_TASK DETAILS_
Where a picture appears, skip it and copy everything else in the listing exactly.

_INPUT DATA_

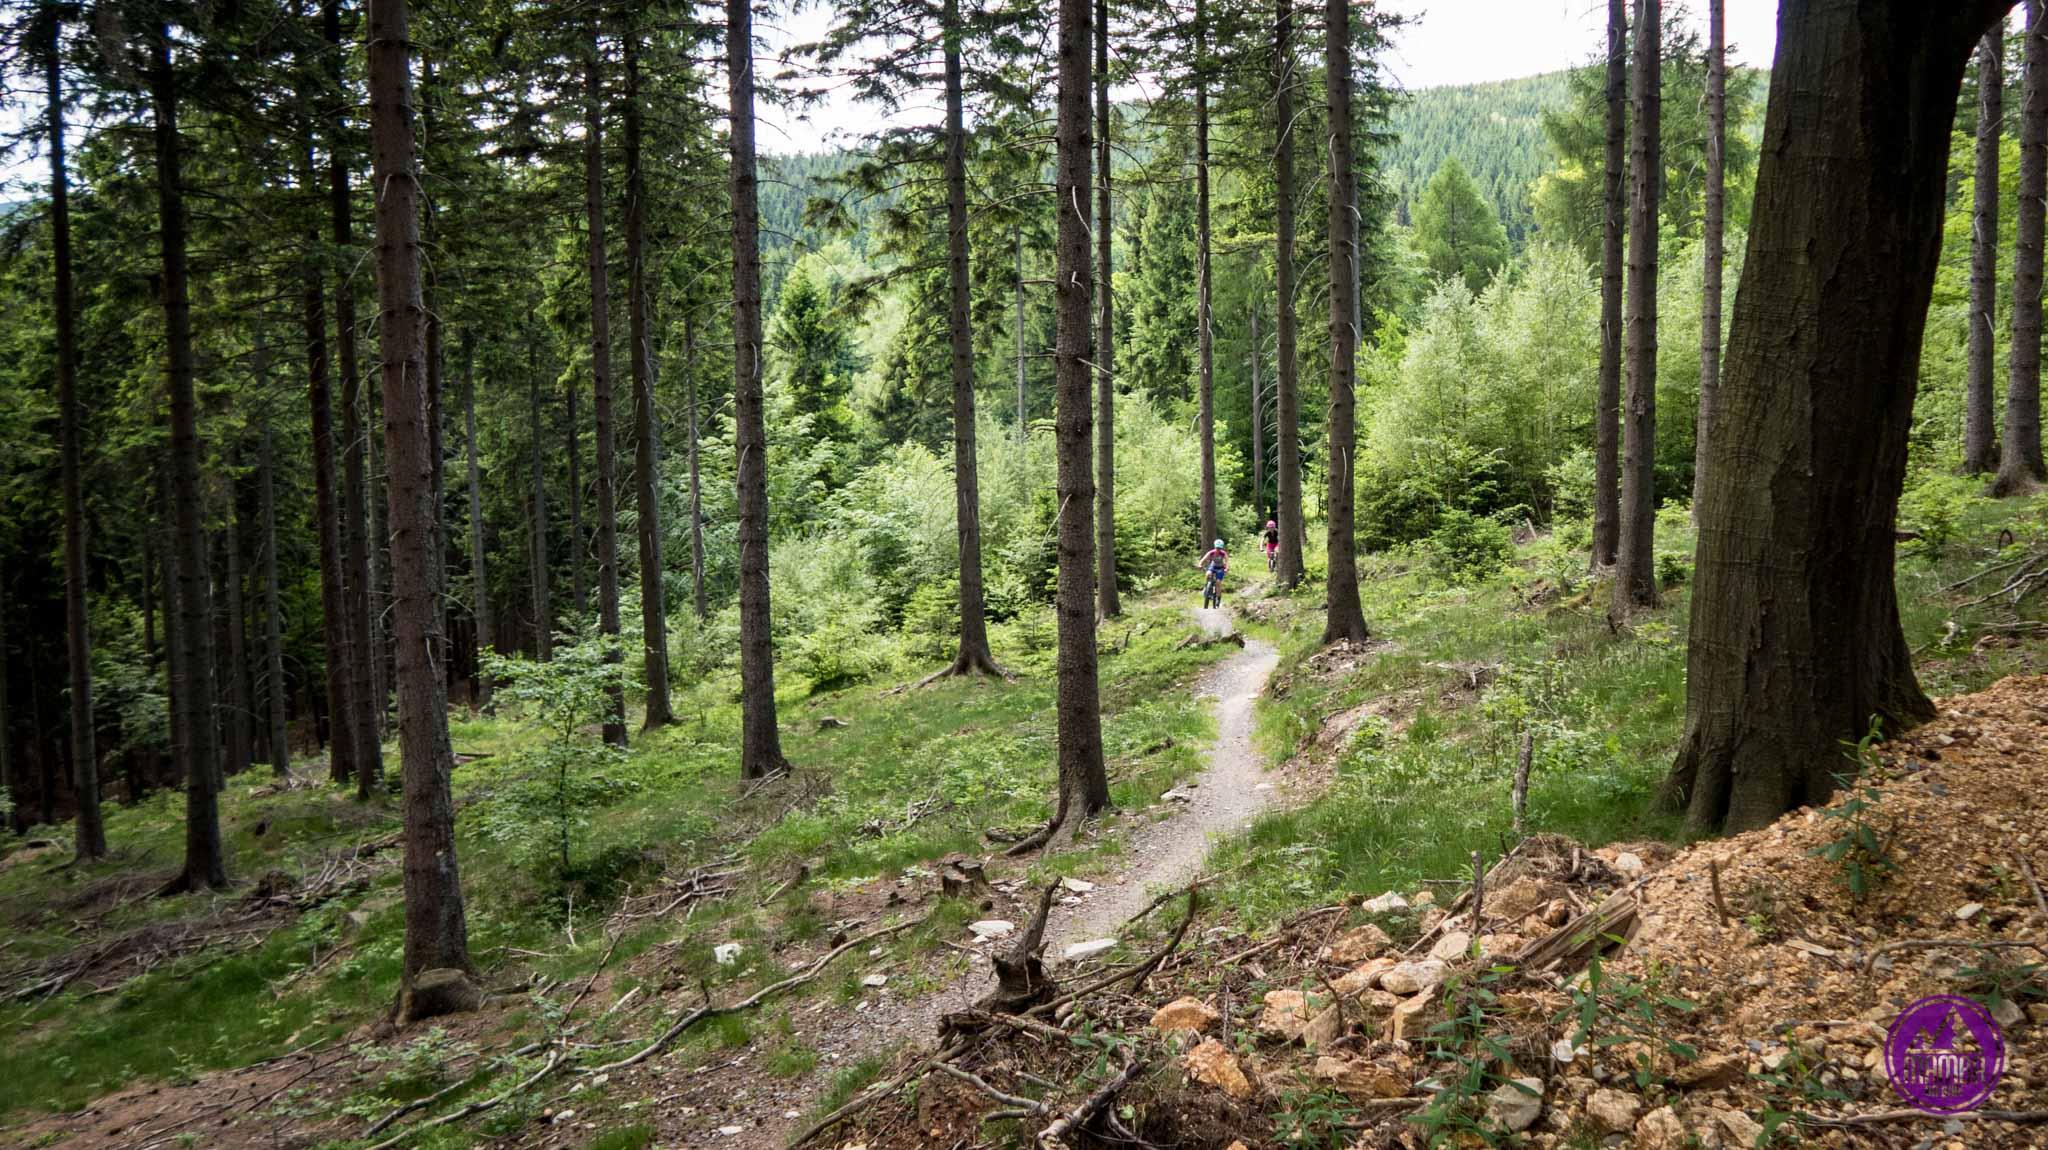 Singiel w lesie.
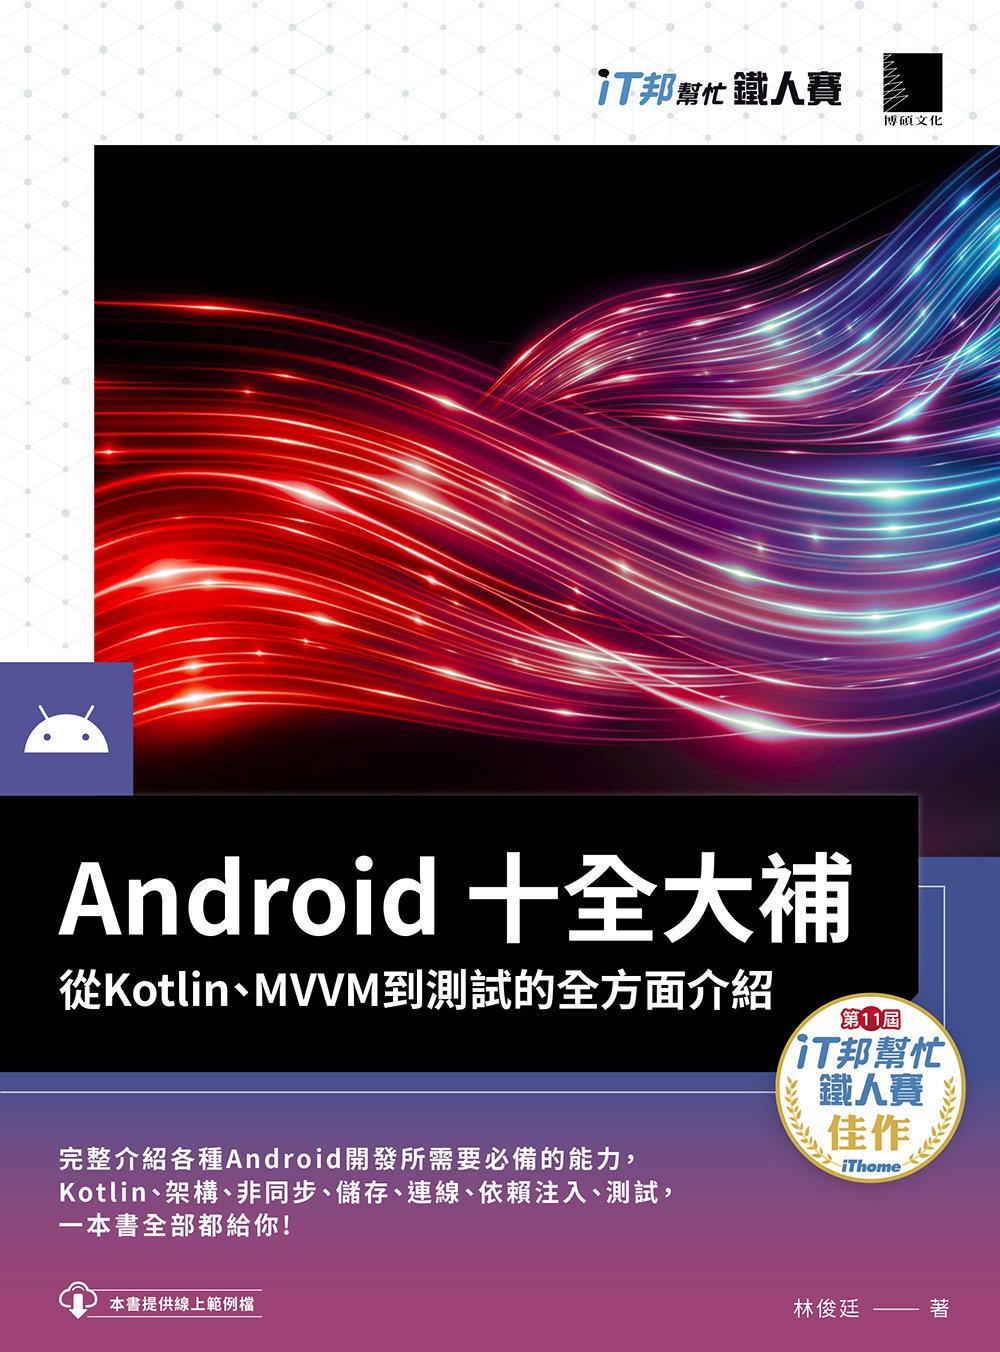 Android 十全大補:從 Kotlin、MVVM 到測試的全方面介紹(iT邦幫忙鐵人賽系列書)-preview-2
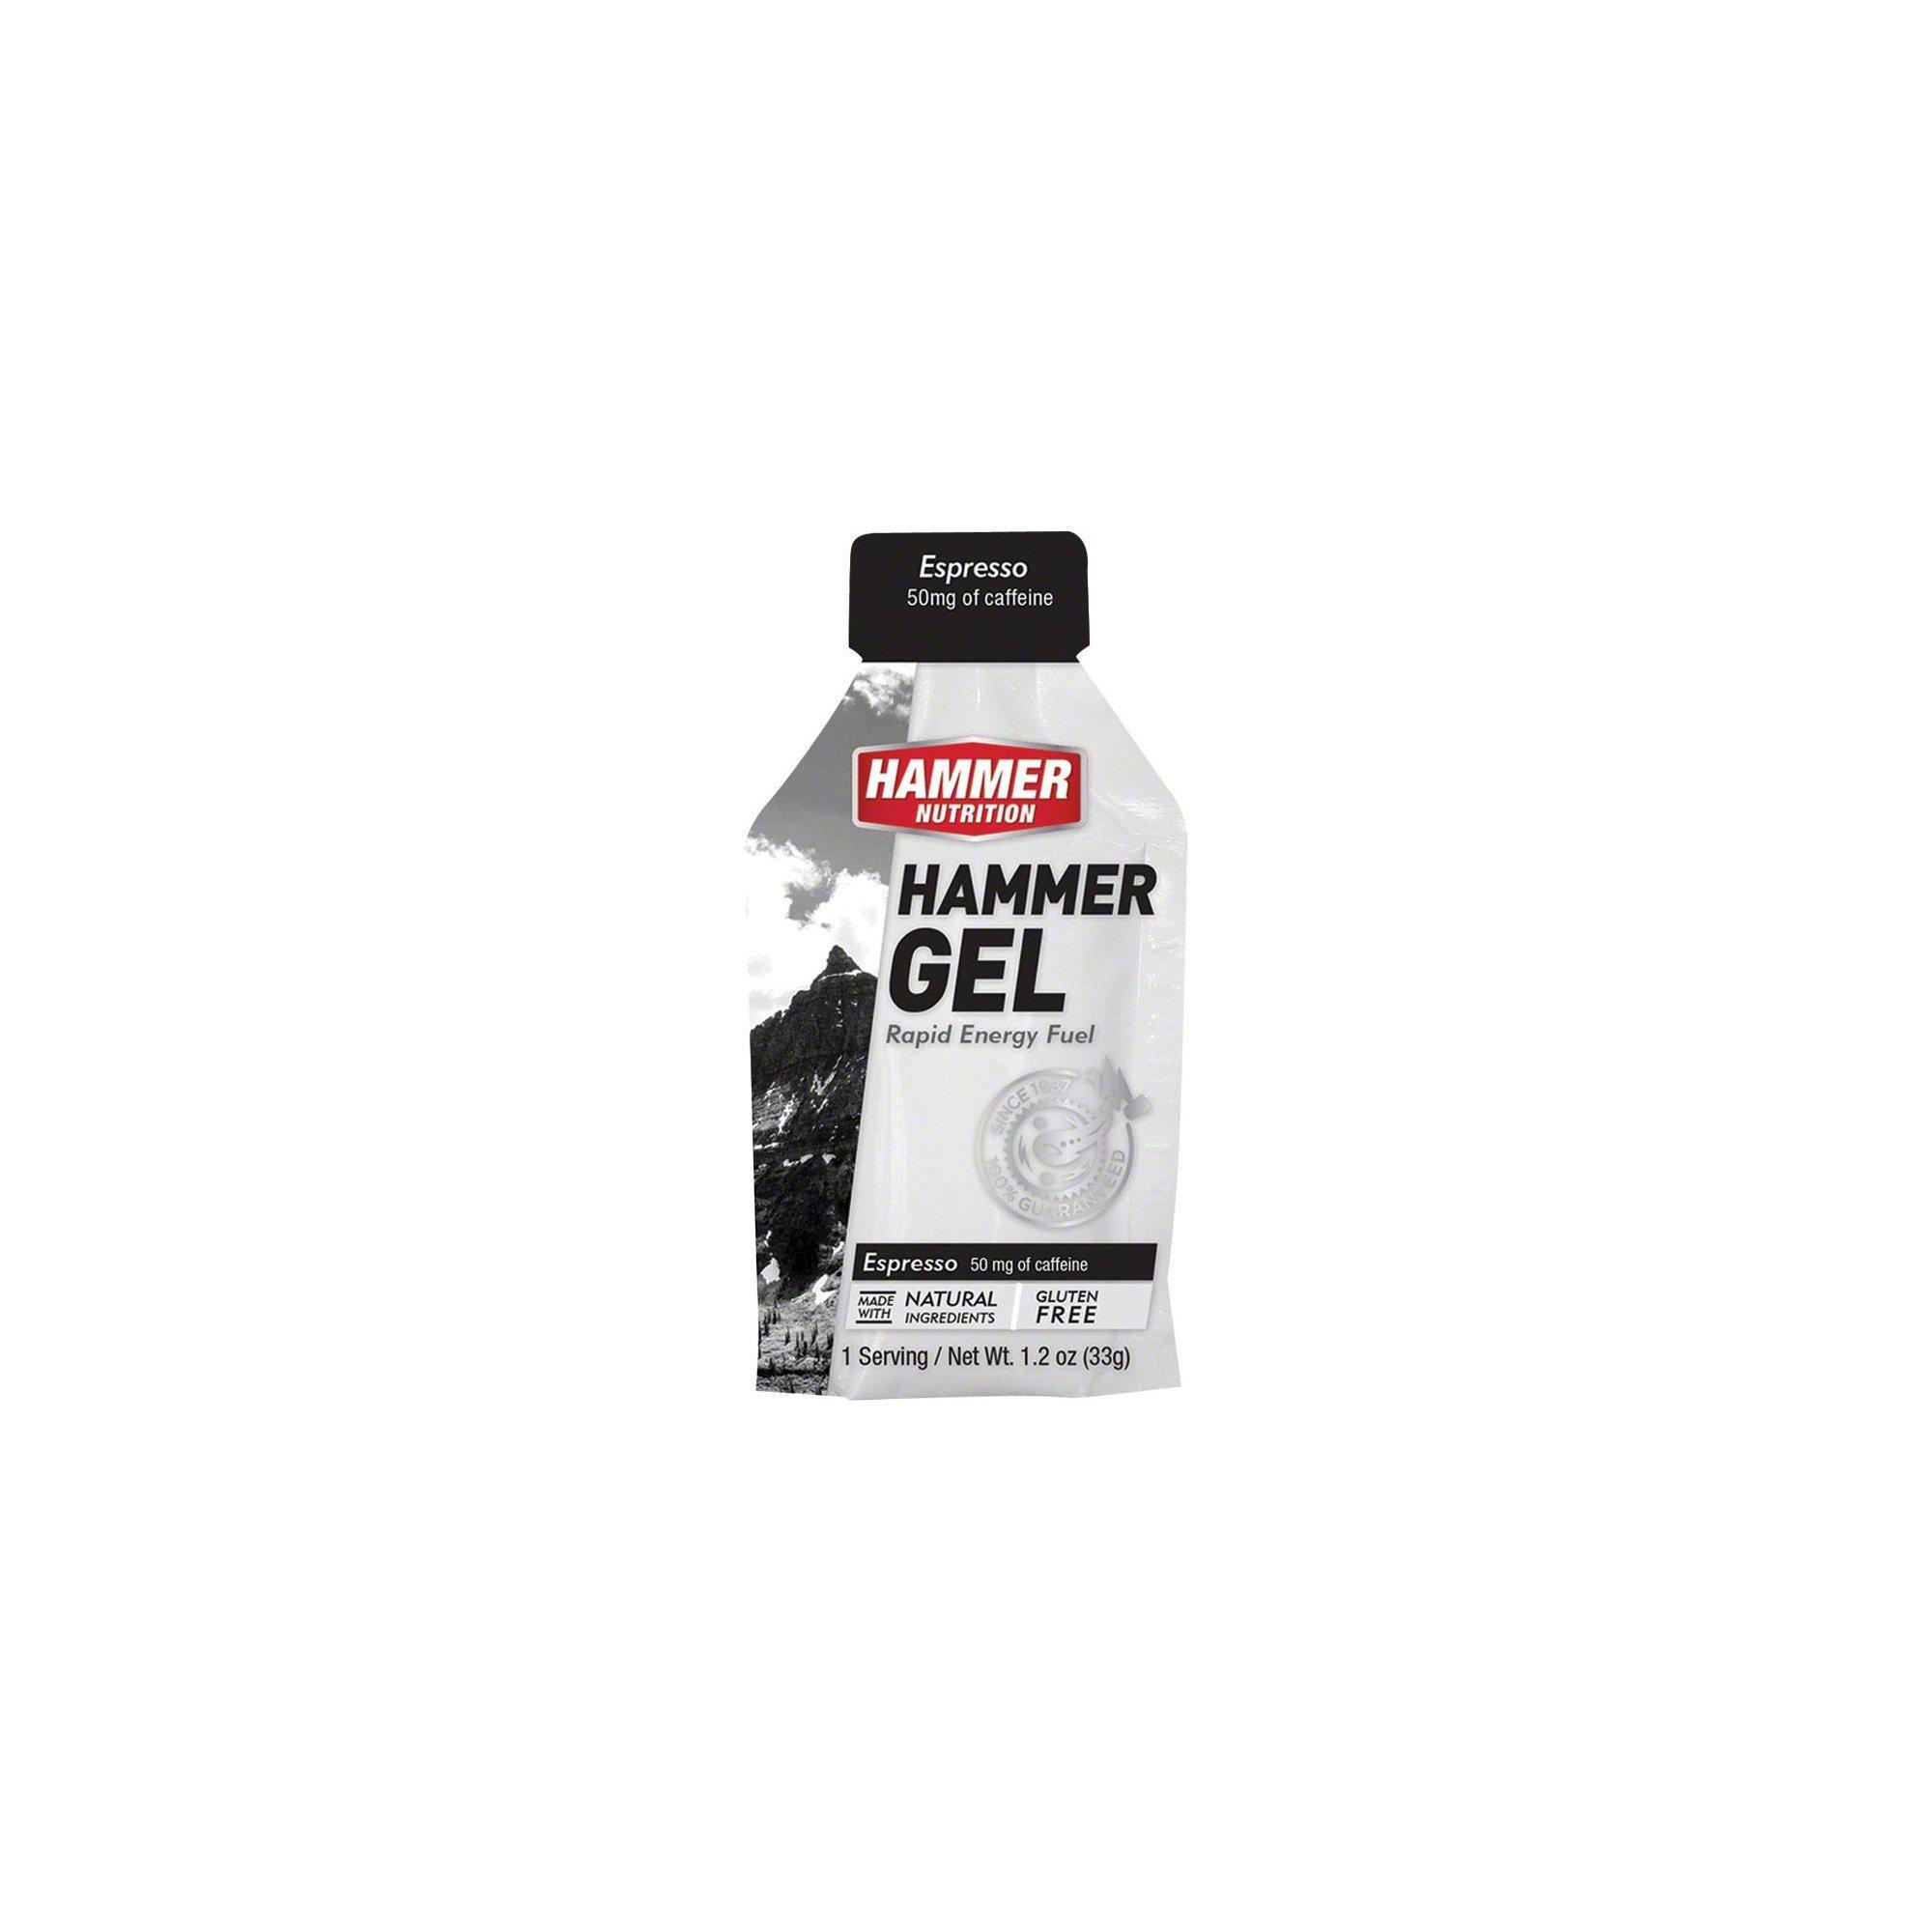 Hammer Nutrition Hammer Gel 24 pack, Espresso
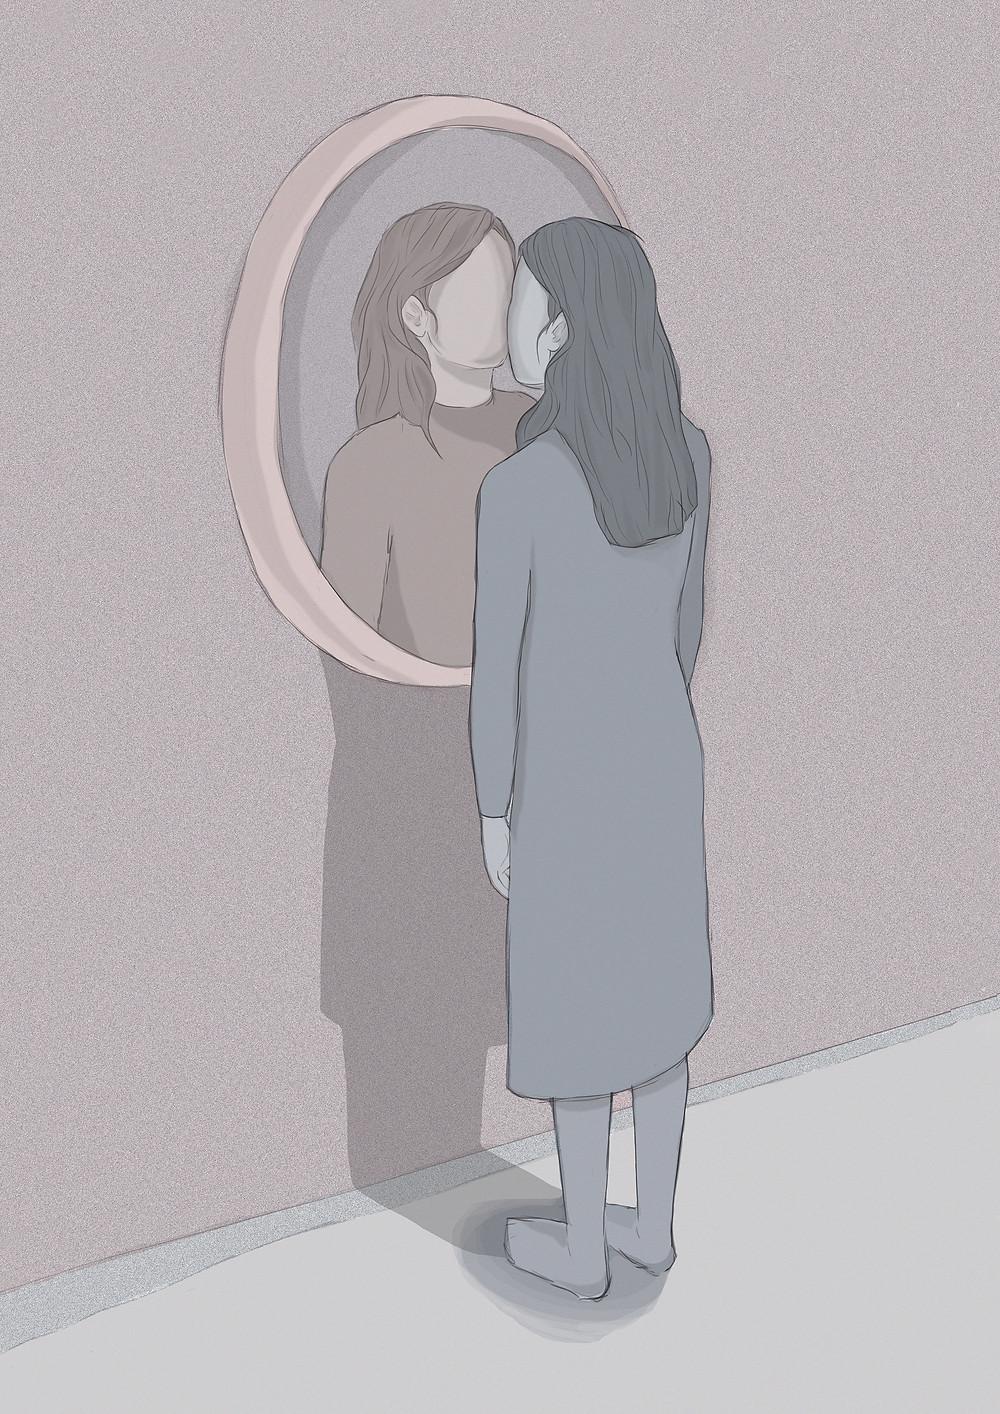 Artist Carlotta Mura's digital illustration of a girl lookin in the mirror

_TASK OUTPUT_
 Singiel w lesie.
 Android 十全大補:從 Kotlin、MVVM 到測試的全方面介紹(iT邦幫忙鐵人賽系列書)-preview-2
 Hammer Nutrition Hammer Gel 24 pack, Espresso
 Artist Carlotta Mura's digital illustration of a girl lookin in the mirror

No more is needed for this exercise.